*** DATA FOR THIS EXERCISE Section Begins ***

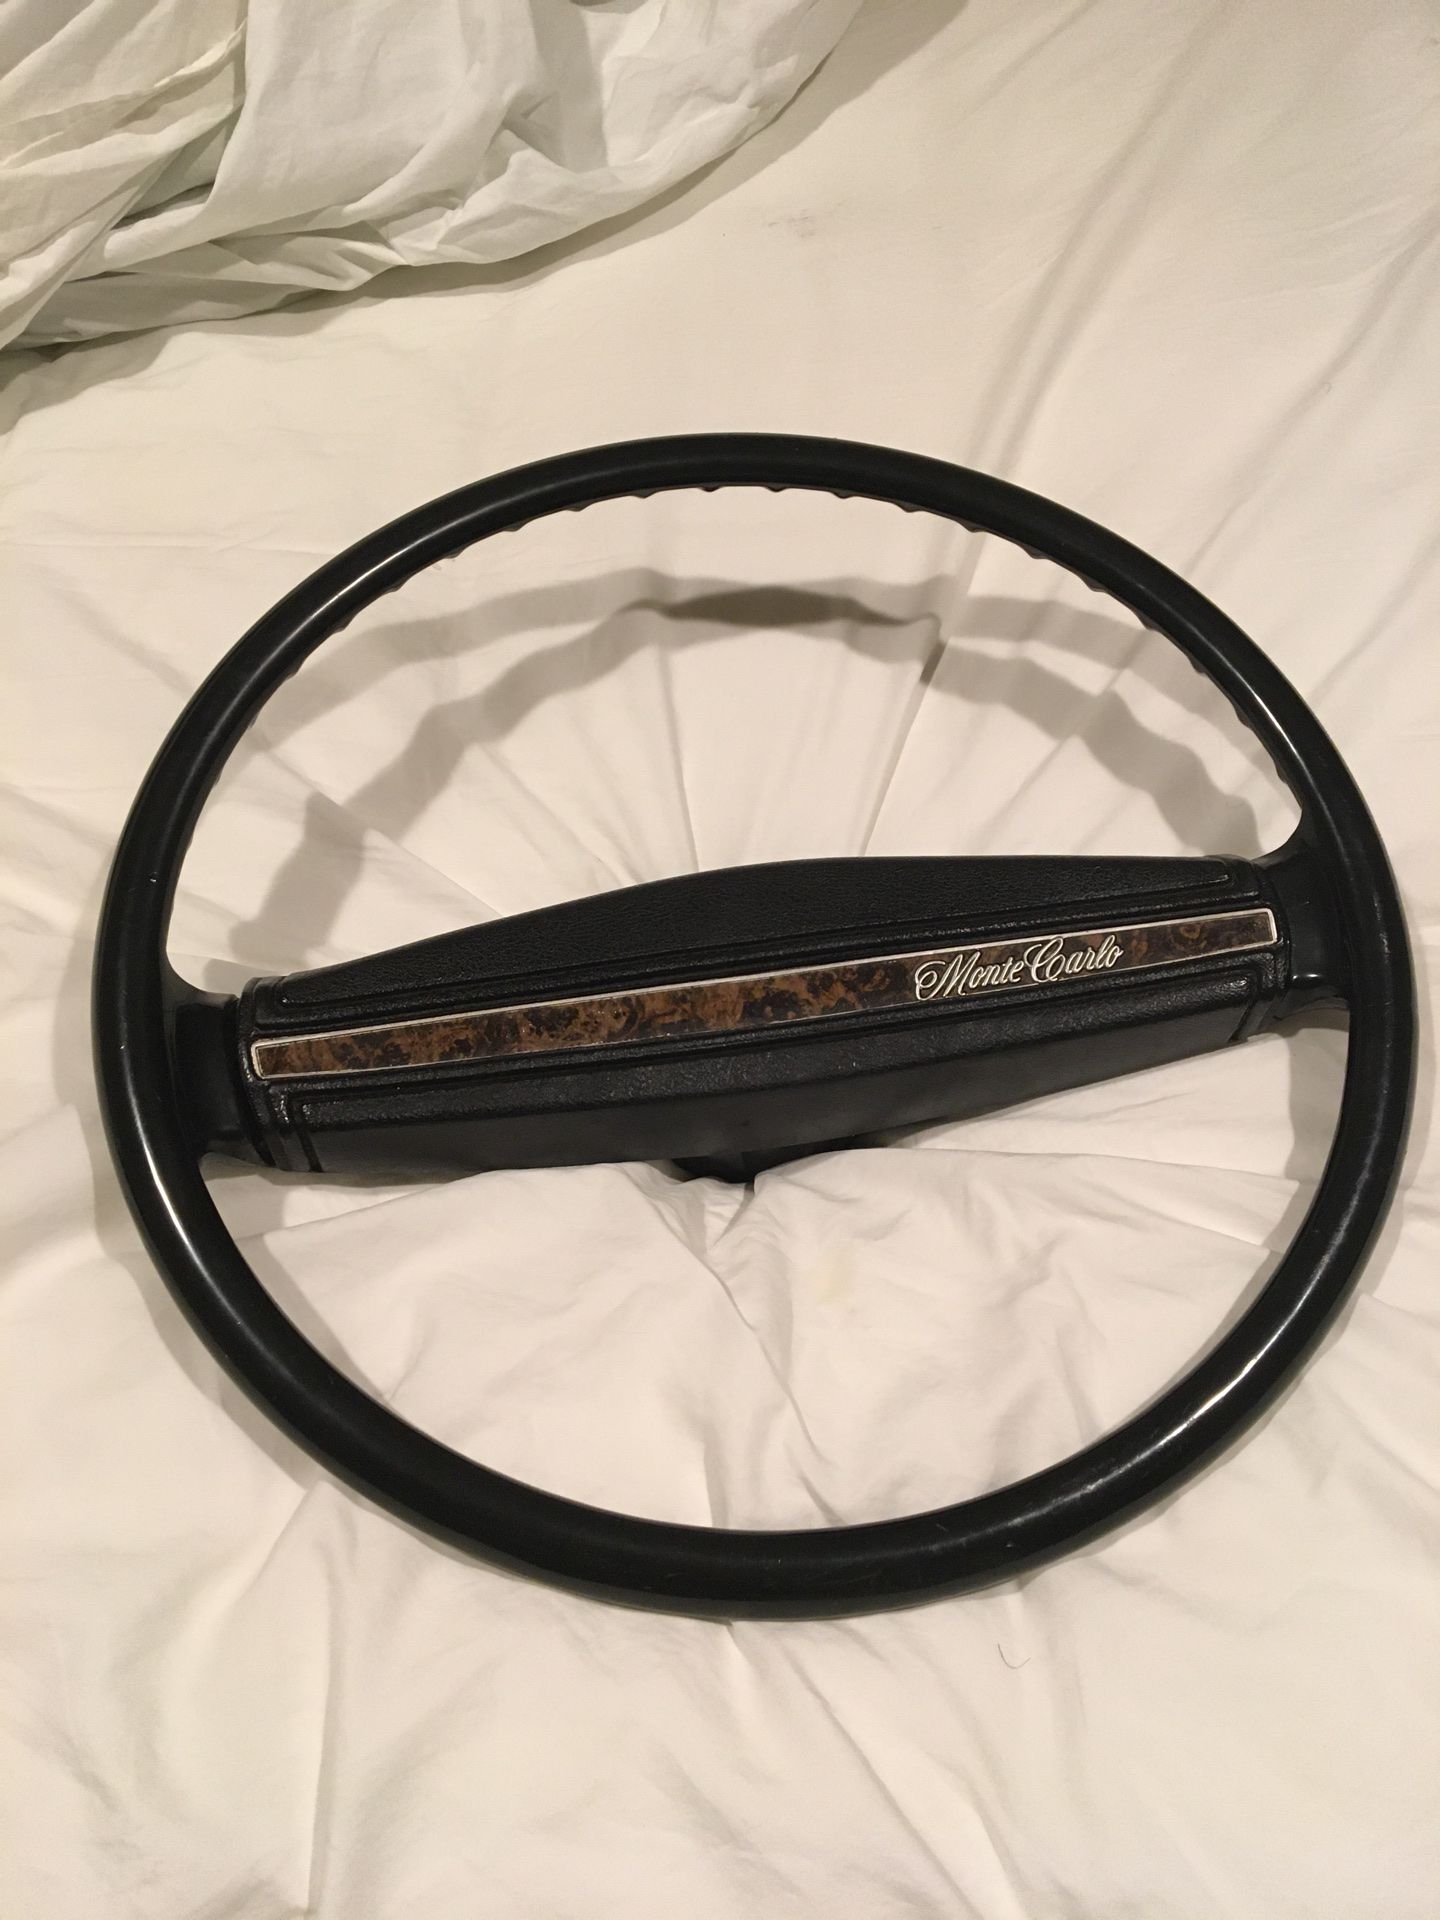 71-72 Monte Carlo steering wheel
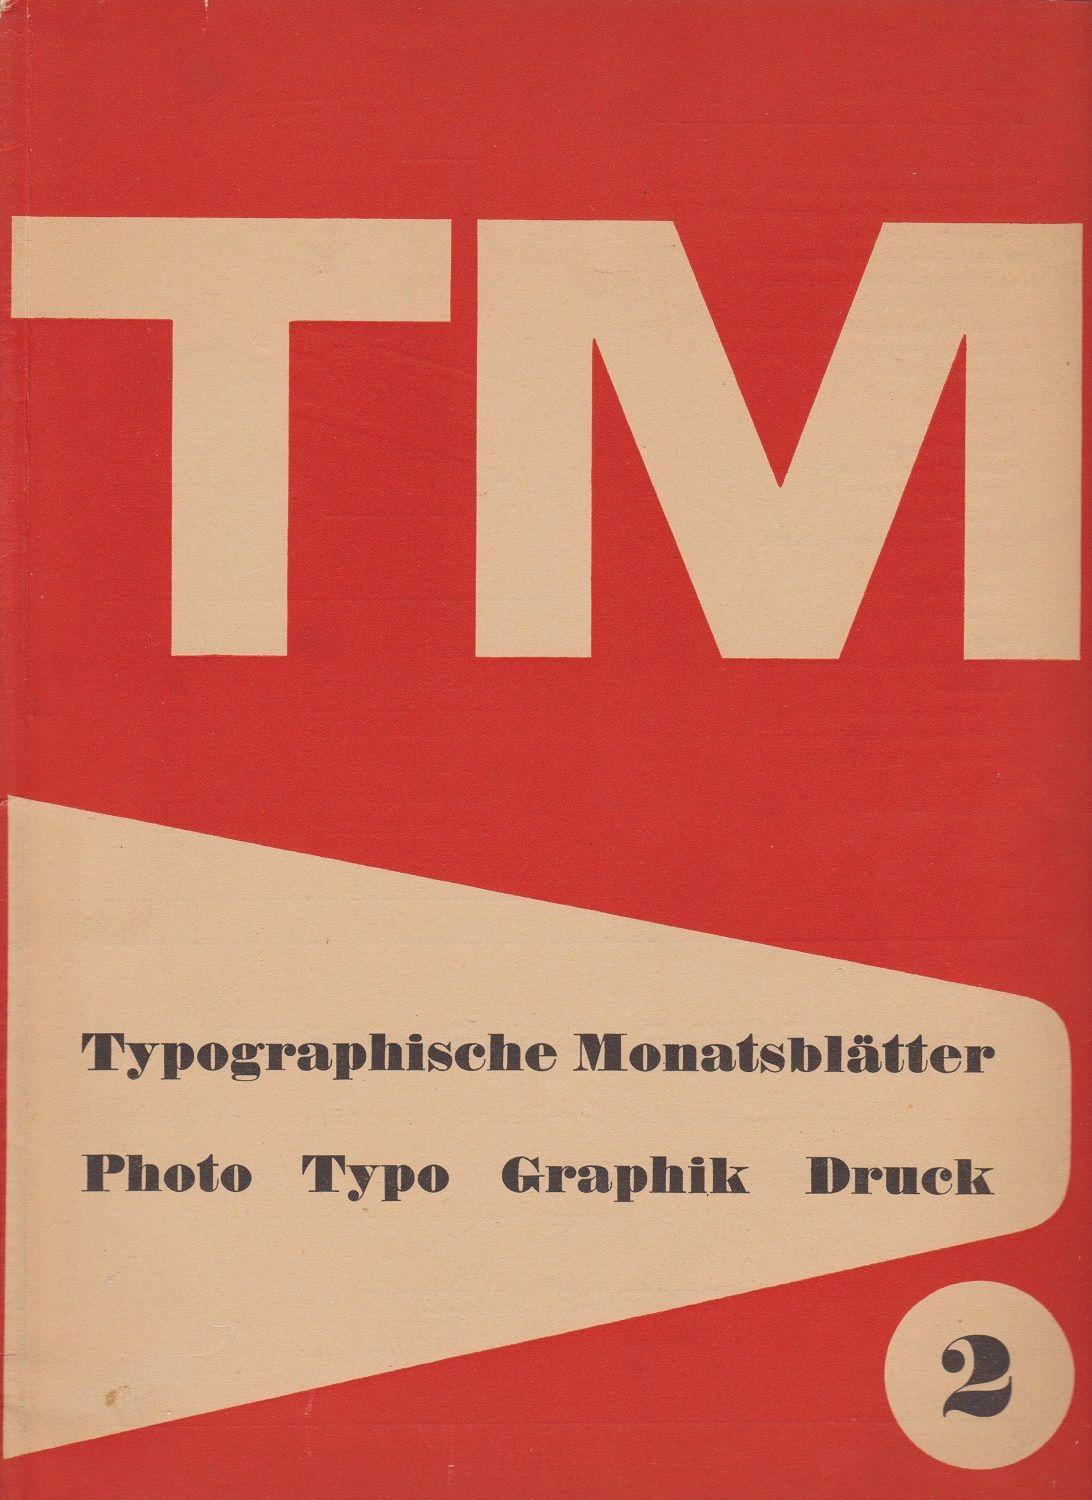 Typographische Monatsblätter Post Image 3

*** DATA FOR THIS EXERCISE Section Ends ***
*** DATA FOR THIS EXERCISE Section Begins ***

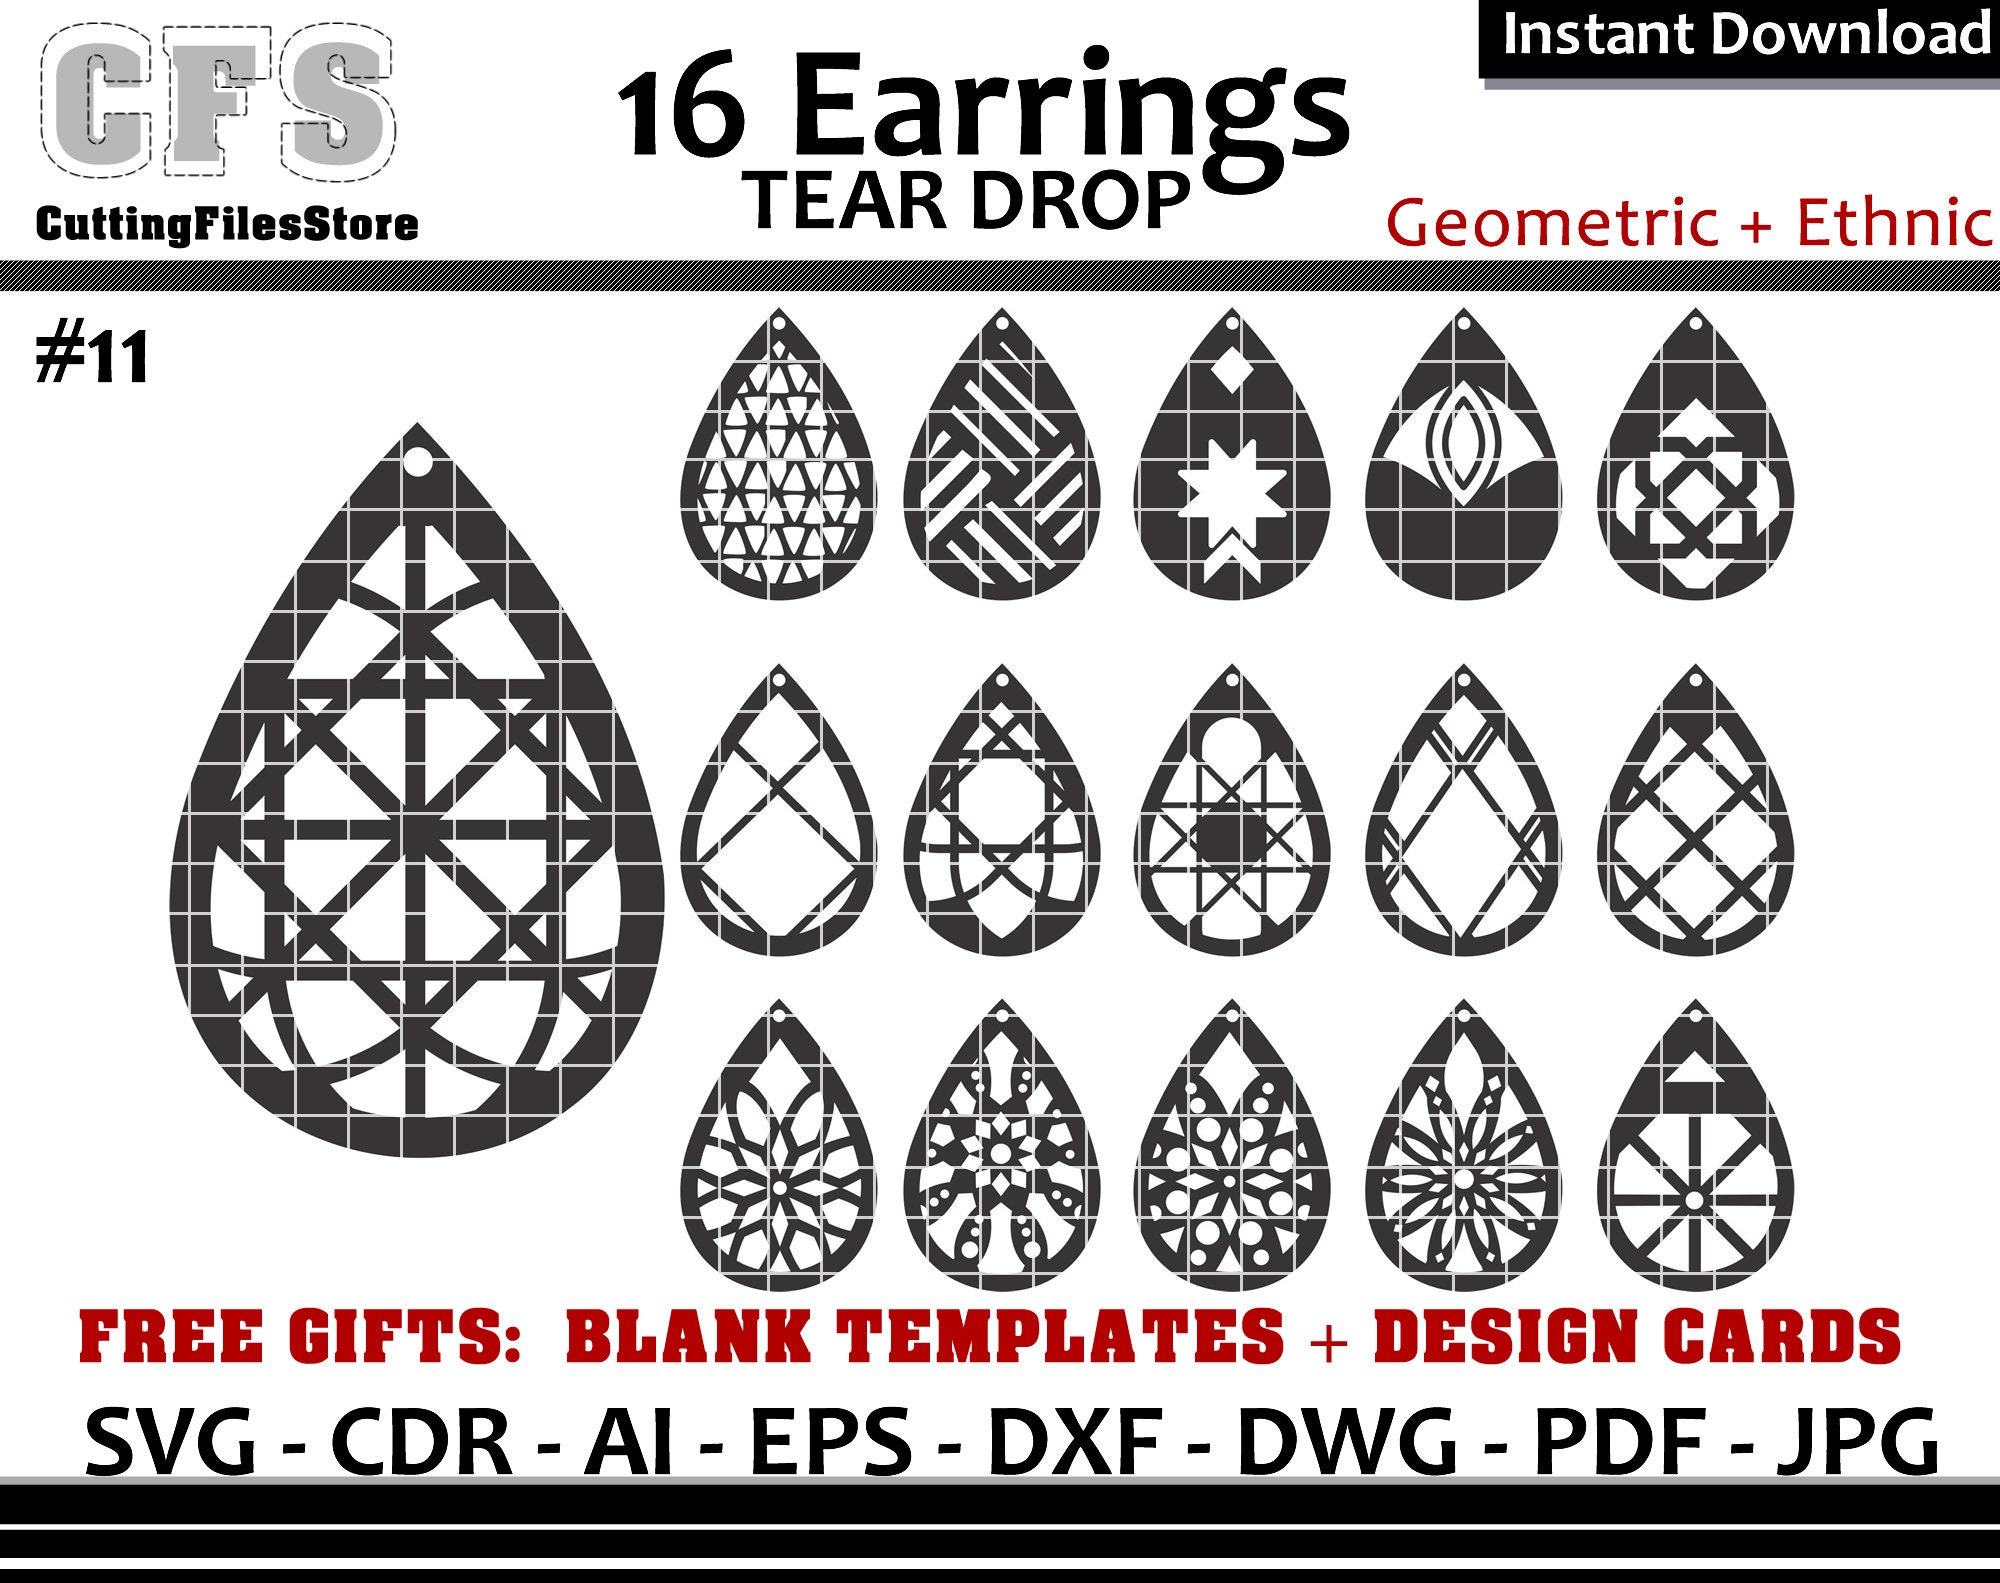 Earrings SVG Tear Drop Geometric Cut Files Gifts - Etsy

*** DATA FOR THIS EXERCISE Section Ends ***
*** DATA FOR THIS EXERCISE Section Begins ***

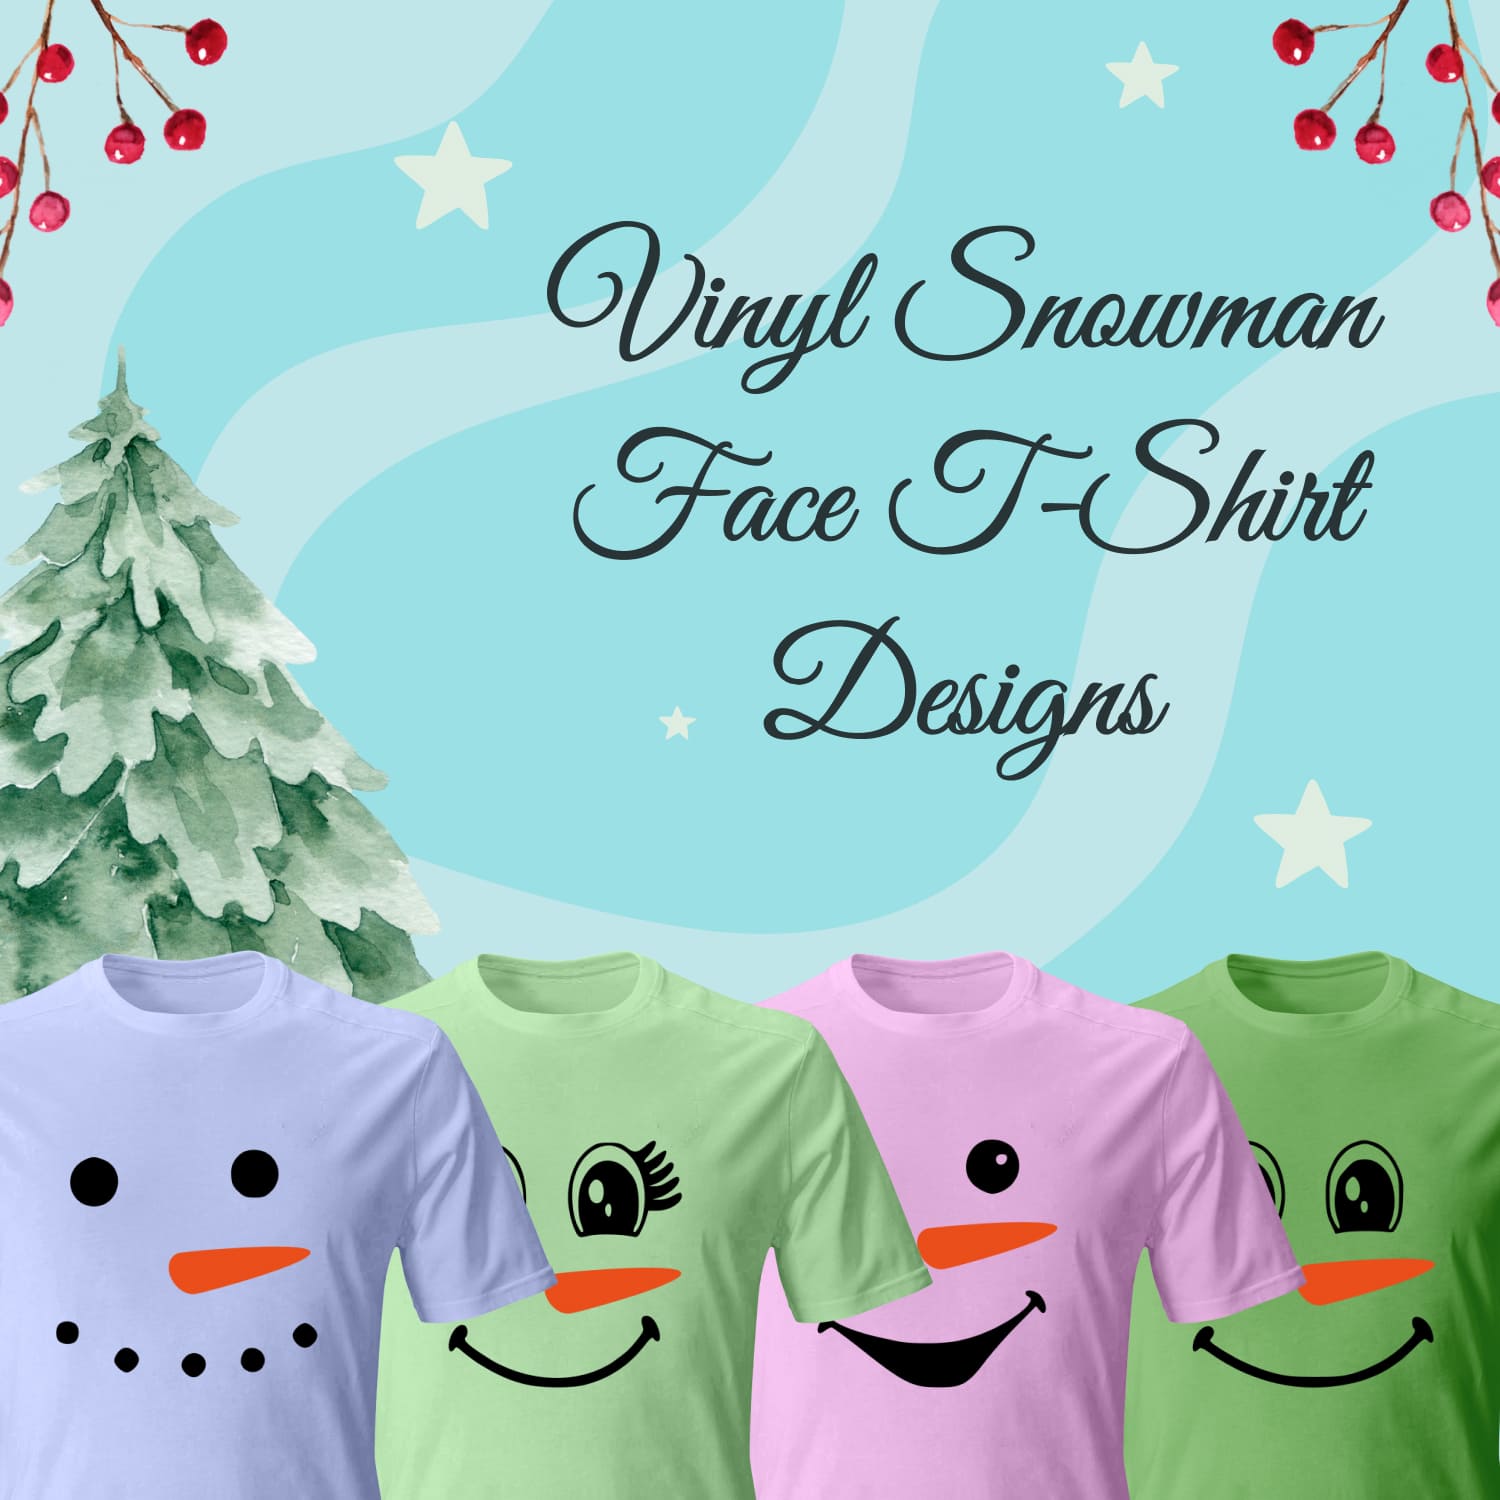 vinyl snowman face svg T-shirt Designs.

*** DATA FOR THIS EXERCISE Section Ends ***

■ **TASK GOAL**
Copy exactly the lines of the entries above from the one containing "71-72 Monte Carlo steering wheel" through the one containing "Typographische Monatsblätter Post Image 3". Both end lines count; pictures do not.

■ **RESPONSE TO THE TASK**
 71-72 Monte Carlo steering wheel
 Typographische Monatsblätter Post Image 3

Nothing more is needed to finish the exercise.